What do you think? Any other PROS or CONS on each way?
Some links
Grab stats and try to calculate a hit ratio or possible improvement if you cache the full query vs doing individual item grabs in MC. Profiling this kind of code is also very helpful to actually see how your theory applies.
It depends on what the query does. If you have a set of users and then want to grab the “top 10 music affinity” with some of those friends, it is worth to have both cachings:
– each friend (in fact, each user of the site)
– the top 10 query for each user (space is cheaper than CPU time)

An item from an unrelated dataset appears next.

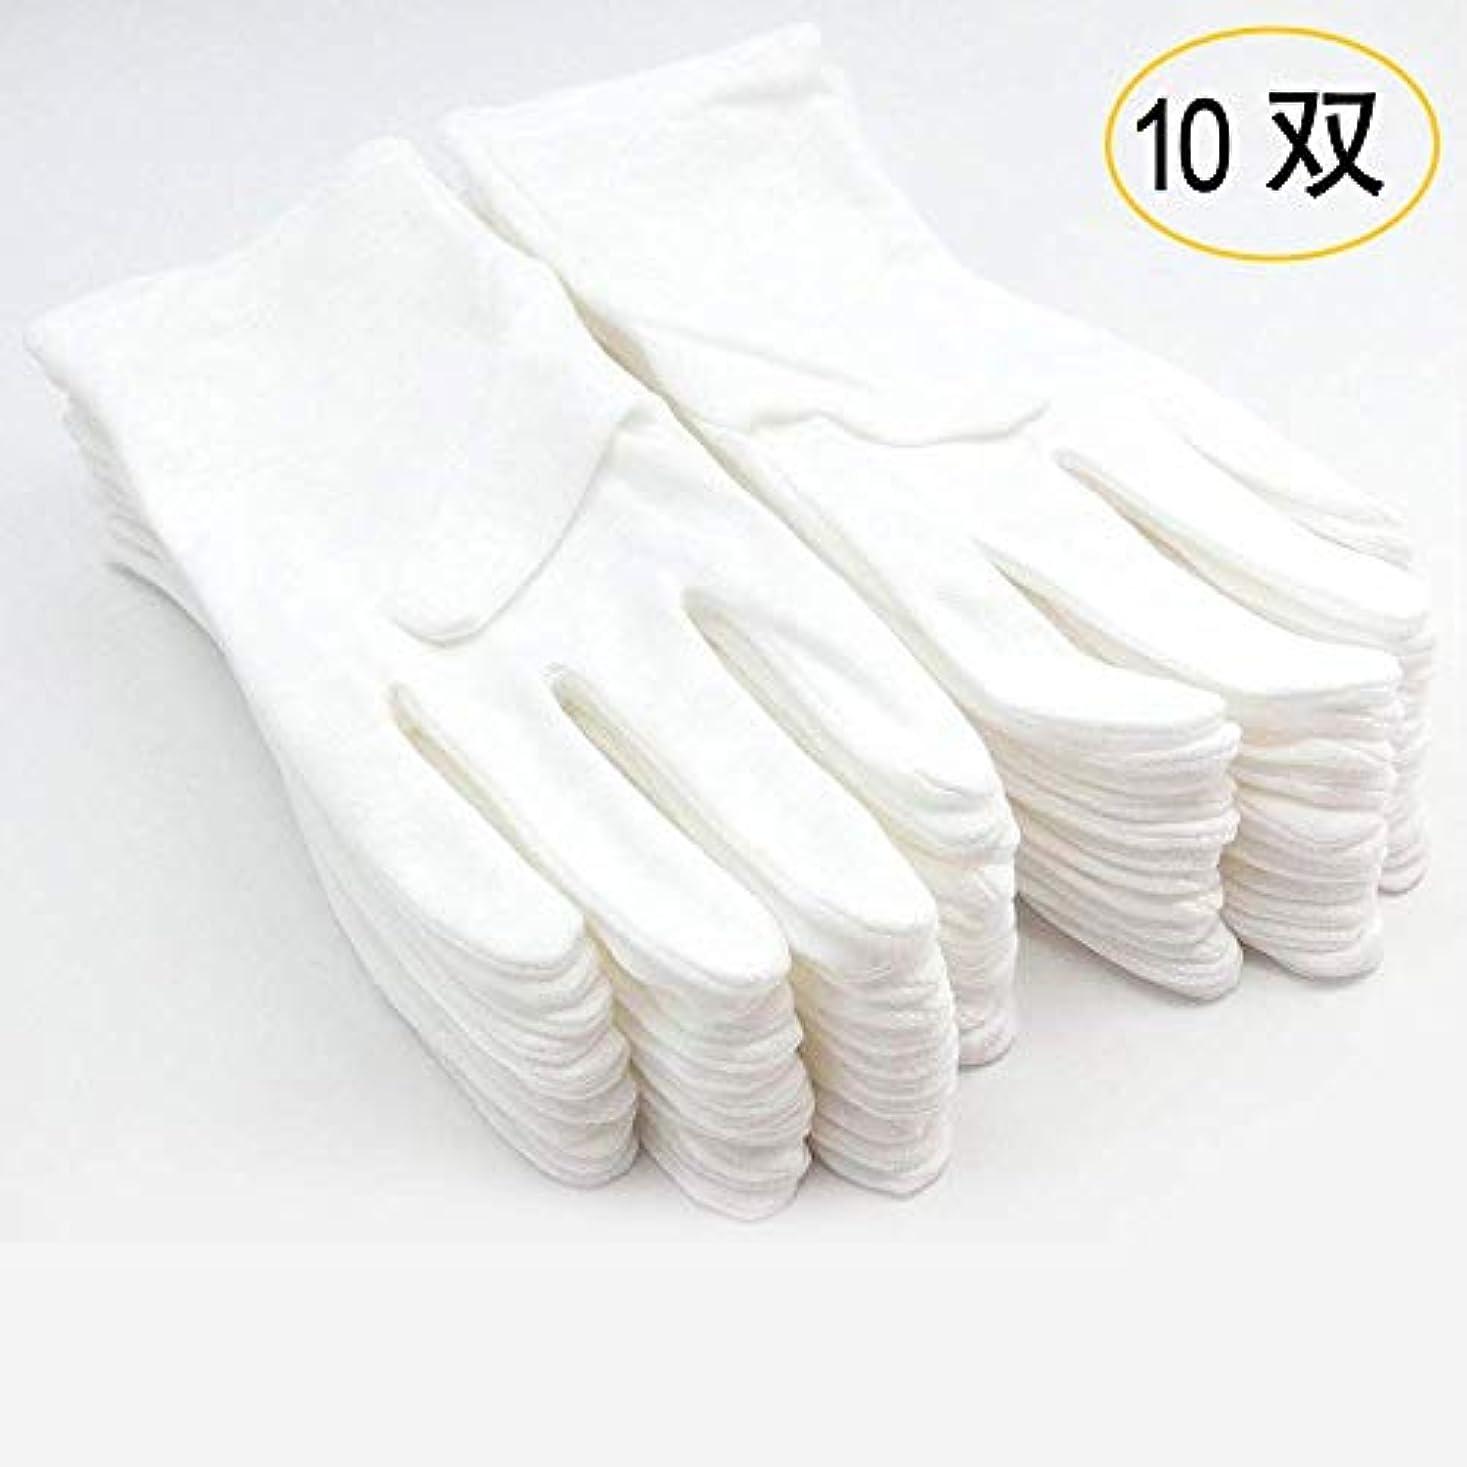 唯物論政治家のスキニー綿手袋 純綿100% 通気性 コットン手袋 10双組

But in general it is worth to store in MC all individual entities that are going to be used frequently (either in the same code execution, or in subsequent requests or by other users). Then things like CPU or resource heavy queries and data processings either MC-them or delegate them to async. jobs instead of making them realtime (e.g. Top 10 site users doesn’t needs to be realtime, can be updated hourly or daily).
And of course taking into account that if you store and MC individual entities, you have to remove all referential integrity from the DB to be able to reuse them either individually or in groups.